А ведь это был открытый, спровоцированный сверху геноцид. Перебросить за Полярный круг оставленные без отцов, разорённые материально семьи, высадить в диких местах, которые нельзя назвать даже медвежьими углами, принудить женщин забираться в ледяную воду, обрекать их с детьми на голод и смерть – это ли не запрограммированное физическое и моральное уничтожение людей, от которых даже следа не должно было остаться?!
Андрей Бах, сосланный в низовья Енисея и в 1946 г. назначенный председателем принудительно созданного из спецпереселенцев колхоза, рассказал: «Издевательства над немцами, латышами и ссыльными других национальностей никем не пресекались, а, напротив, поощрялись. Приезжают, бывало, в колхоз руководители из района или даже края и заставляют меня собственными руками народ губить. Говорят: ты гони всех в шторм и стужу в воду. Чем больше их помрёт, тем, мол, лучше. Какой цинизм! Сидят за моим столом, едят пойманную новоиспечёнными колхозниками рыбу, пьют водку, да ещё и наставляют. То ли у них такта и ума не хватало, то ли им открыто указания давали, как с нашим «контингентом» поступать. Но я ведь такой же немец, как и прочие их жертвы... Легко представить, какие они вели речи со своими дружками из других колхозов, где люди умирали как мухи. И концы в воду! Поистине, как в Библии сказано: «То, чего нет, нельзя сосчитать»…»

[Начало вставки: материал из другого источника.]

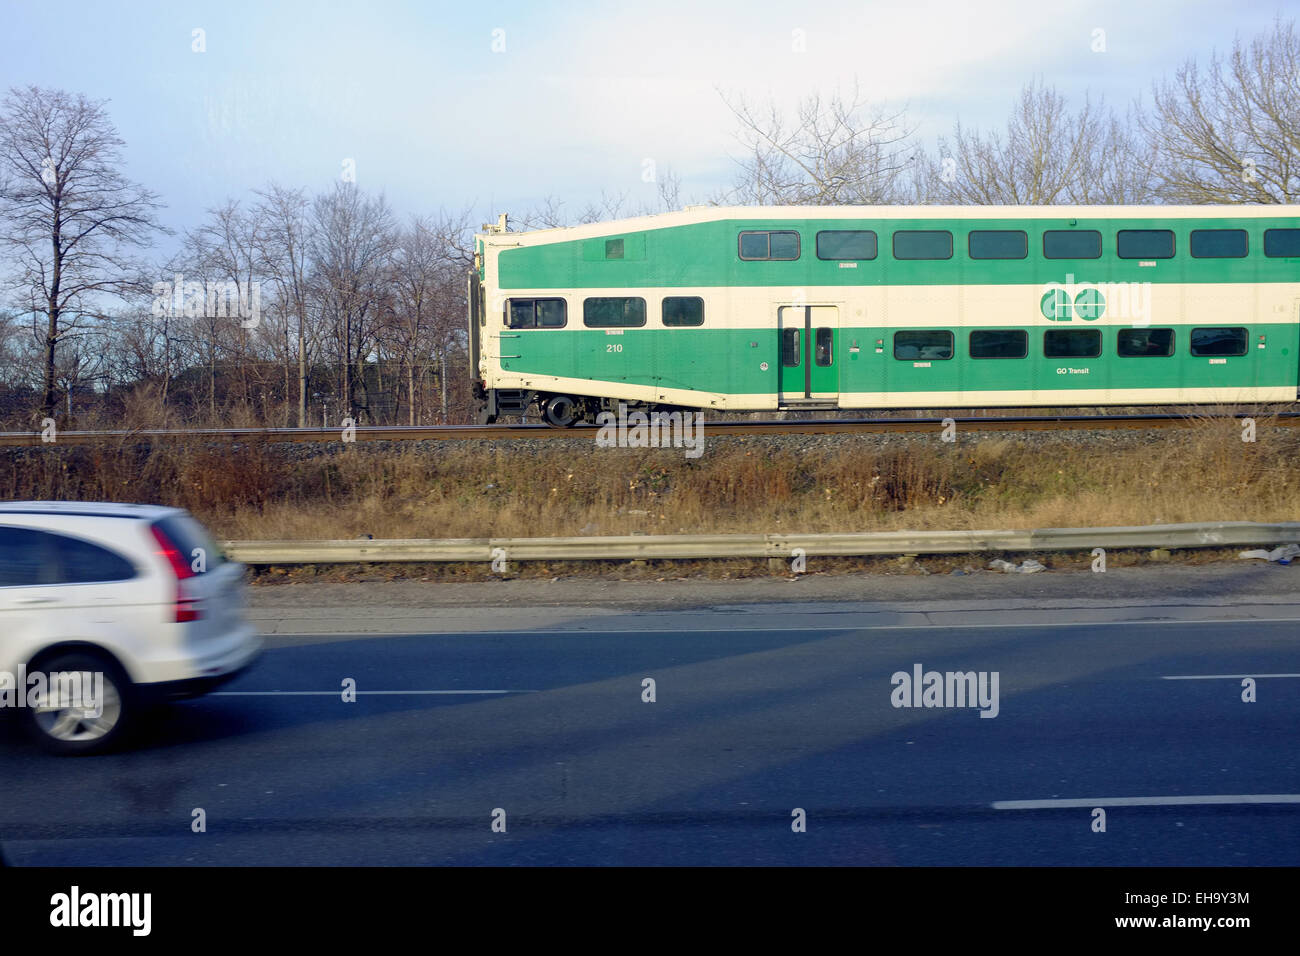 Un double-decker train passe les voitures sur une route au Canada. Banque D'Images

С лихвой хлебнул горя и Иоганнес Бартули, житель города Красноармейска Саратовской области – бывшего кантонного центра АССР НП Бальцера, где в 1925 году он и родился. Когда, наконец, обозначился просвет в положении российских немцев, он покинул каторжные енисейские края и вернулся в свой город. Дом пришлось купить, причём за немалые деньги, хотя принадлежавший их семье дом, отнятый в 1941 г., всё ещё стоял на соседней улице. Он принадлежал участнику войны, победителю, который Иоганнеса даже на порог не пустил, не позволил на родные стены взглянуть, детство вспомнить.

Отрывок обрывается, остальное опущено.